Tous les regards portent aujourd’hui sur les événements au Moyen-Orient. Cependant, dans une autre partie du monde, le conflit le plus meurtrier depuis la Seconde Guerre mondiale continue de ravager la République démocratique du Congo (RDC). Depuis plus de quinze ans, groupes rebelles et forces gouvernementales s’affrontent dans une guerre sans vainqueur, dont le grand perdant est sans nul doute la population congolaise. Les attaques violentes contre les civils et les viols sont devenus la norme. Des violations inqualifiables des droits de l’homme sont commises chaque jour en toute impunité.
La communauté internationale a dépensé une fortune pour essayer d’améliorer cette situation. Depuis 2006, les États donateurs ont alloué au pays plus de 14 milliards de dollars d’aide à travers de vastes programmes d’assistance. Les résultats sont toutefois très faibles. La RDC occupe en effet la dernière place au classement des Nations unies suivant l’indice de développement humain, et le peuple congolais continue de souffrir.
Pourquoi l’impact d’un tel investissement est-il si marginal? Principalement parce que le gouvernement congolais n’assure pas la sécurité de sa population. Les problèmes considérables auxquels font face les Congolais – des déplacements prolongés, tueries et viols de masse au commerce illégal de minerais et à une économie brisée – ne pourront être résolus tant que l’insécurité ne sera pas traitée. Les progrès réalisés dans des secteurs essentiels tels que l’éducation et la santé sont trop souvent anéantis par des massacres continus. Il est indispensable de s’engager sérieusement à protéger les civils contre toute forme de violence, et à en faire la priorité no 1.
L’armée, la police et le pouvoir judiciaire congolais ne sont pas en mesure de mener à bien cette tâche. En plus d’être désorganisés, de manquer de ressources et de compétences, ils sont directement responsables de certains des pires abus des droits humains. L’armée est l’auteur d’une grande partie des crimes commis à l’encontre des civils: il est urgent de restructurer solidement ce secteur.
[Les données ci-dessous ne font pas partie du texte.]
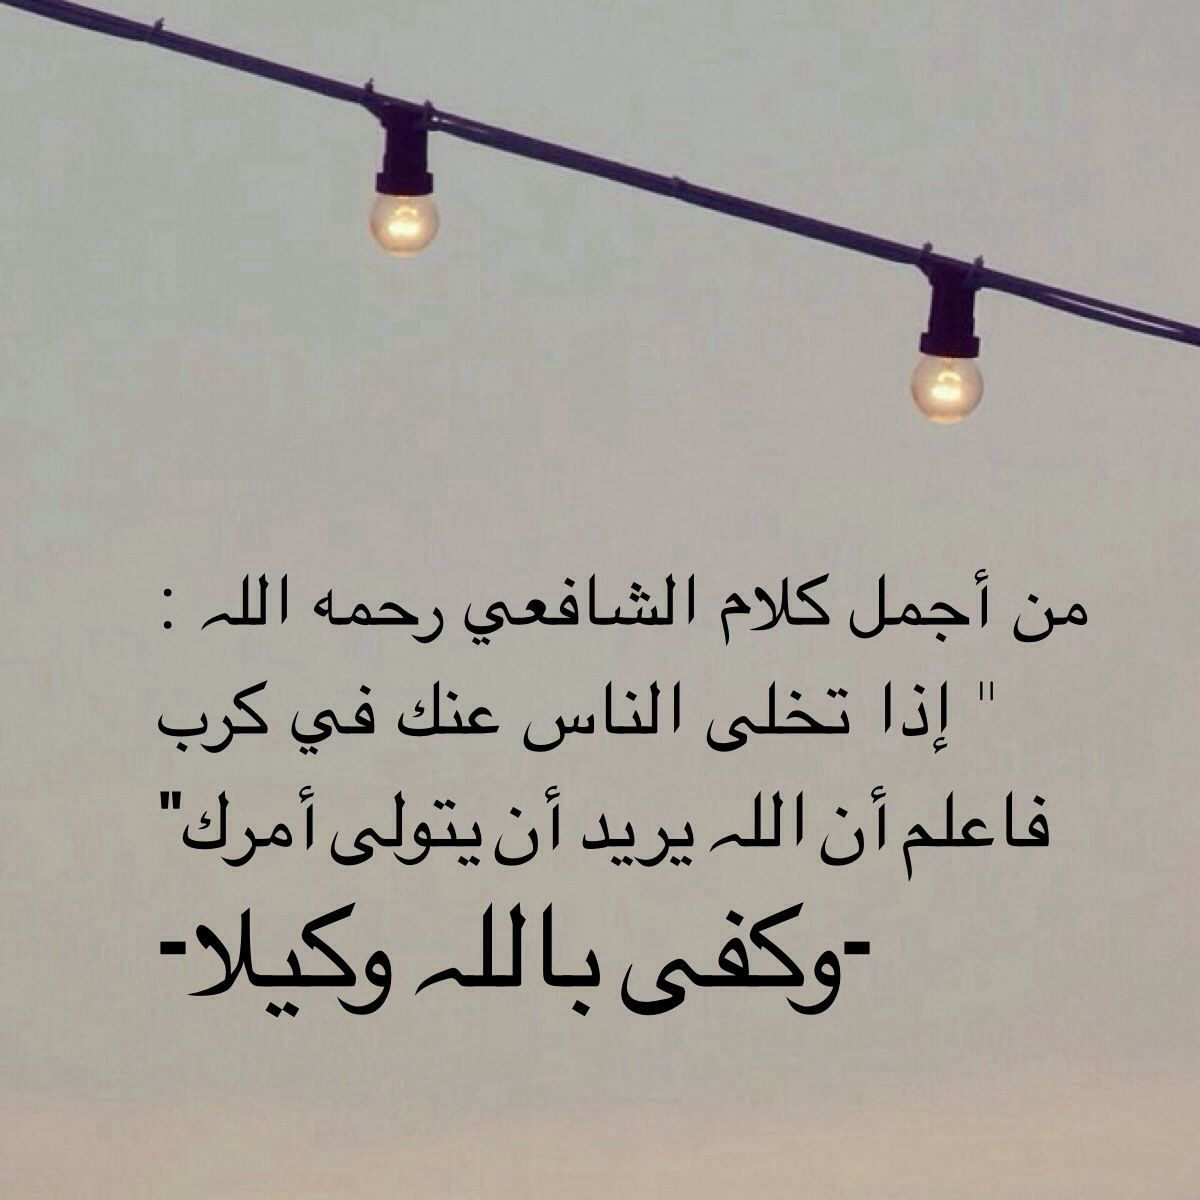 Pin By Hadil Abdelatty On Muslim Islam Facts Islamic Phrases Illustration Quotes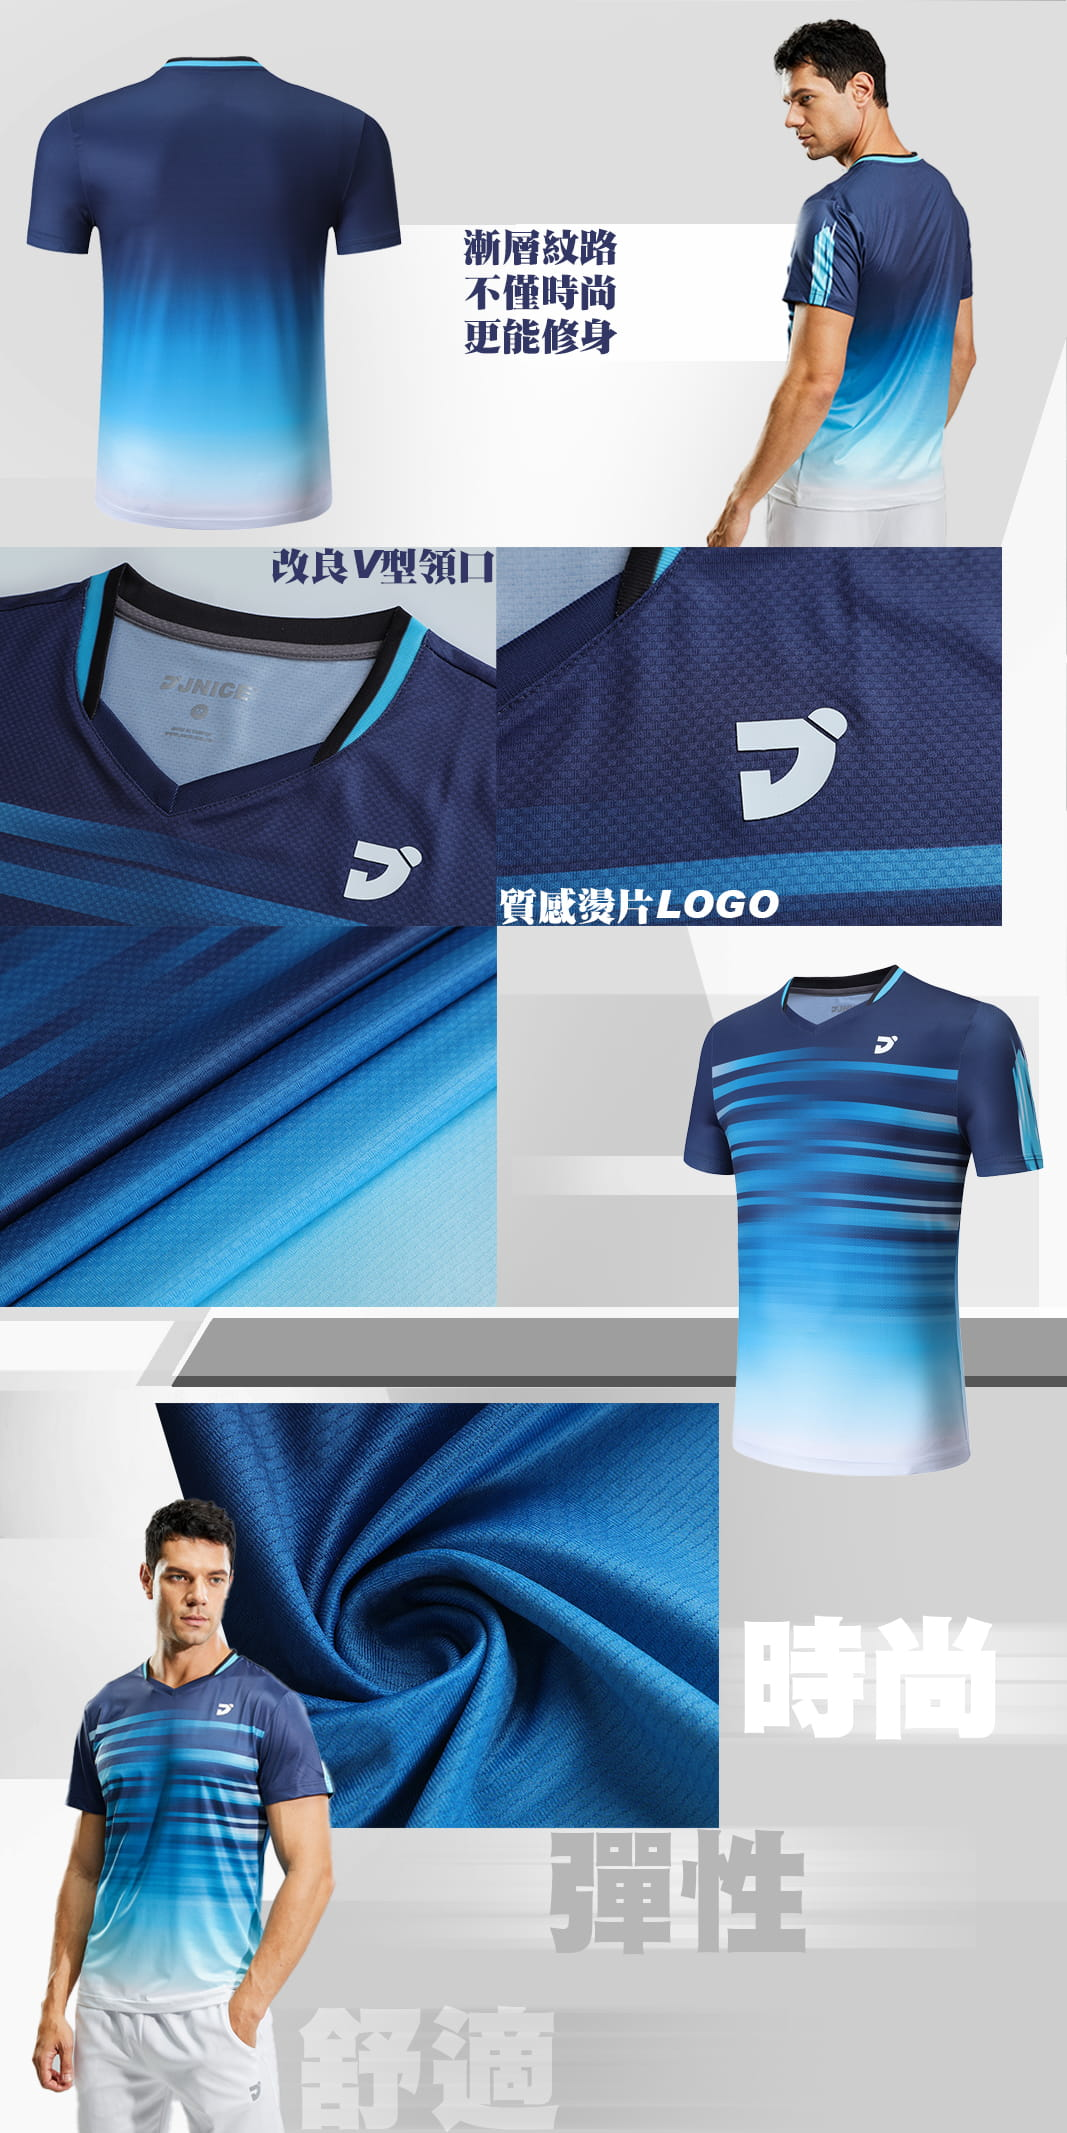 【JNICE】簡約橫紋競技賽服-漸層藍 2

Le problème réside dans le manque d’intérêt du gouvernement congolais à entreprendre des réformes exhaustives. À l’inverse, sa politique n’a fait que soutenir les officiels responsables de violations des droits humains. Des individus accusés de crimes de guerre ou de graves exactions se sont vu protéger et promouvoir au sein de l’armée. Les membres corrompus de l’armée et du gouvernement, qui se servent sur le salaire des soldats et exploitent illégalement les ressources minières du pays, restent impunis.
Une solution existe néanmoins. Le gouvernement congolais, avec la volonté politique nécessaire et le soutien de la communauté internationale, peut réformer l’armée afin qu’elle bénéficie de ressources adéquates, qu’elle s’organise et rende des comptes et devienne ainsi capable de protéger les civils. Il est urgent de faire émerger cette volonté. Suite aux récentes élections entachées d’irrégularités en RDC, les États-Unis et d’autres bailleurs réévaluent leurs programmes d’aide. Le président Kabila cherche à renforcer sa légitimité internationale. L’assistance fournie par les donateurs étrangers équivaut presque à la moitié du budget annuel de la RDC. L’Union européenne et les États-Unis devraient conduire la communauté internationale à conclure un nouvel accord avec la RDC, qui impose des conditions et critères clairs pour mesurer les progrès réalisés dans la réforme de l’armée, en contrepartie d’une assistance et d’une reconnaissance durables. Ces conditions pourraient inclure le respect des droits humains par l’armée congolaise, la révocation des individus faisant obstruction aux réformes, et des progrès dans la mise en œuvre d’un plan de réforme militaire. Si les États donateurs agissent ensemble de manière cohérente, ils bénéficieront d’une influence considérable. Les bailleurs clés, notamment la Chine, l’Angola et l’Afrique du Sud, doivent soutenir cette initiative afin de former un front international uni concernant la situation en RDC.
Trop d’argent a été gaspillé, trop de sang a coulé pour ne pas saisir dès aujourd’hui cette opportunité.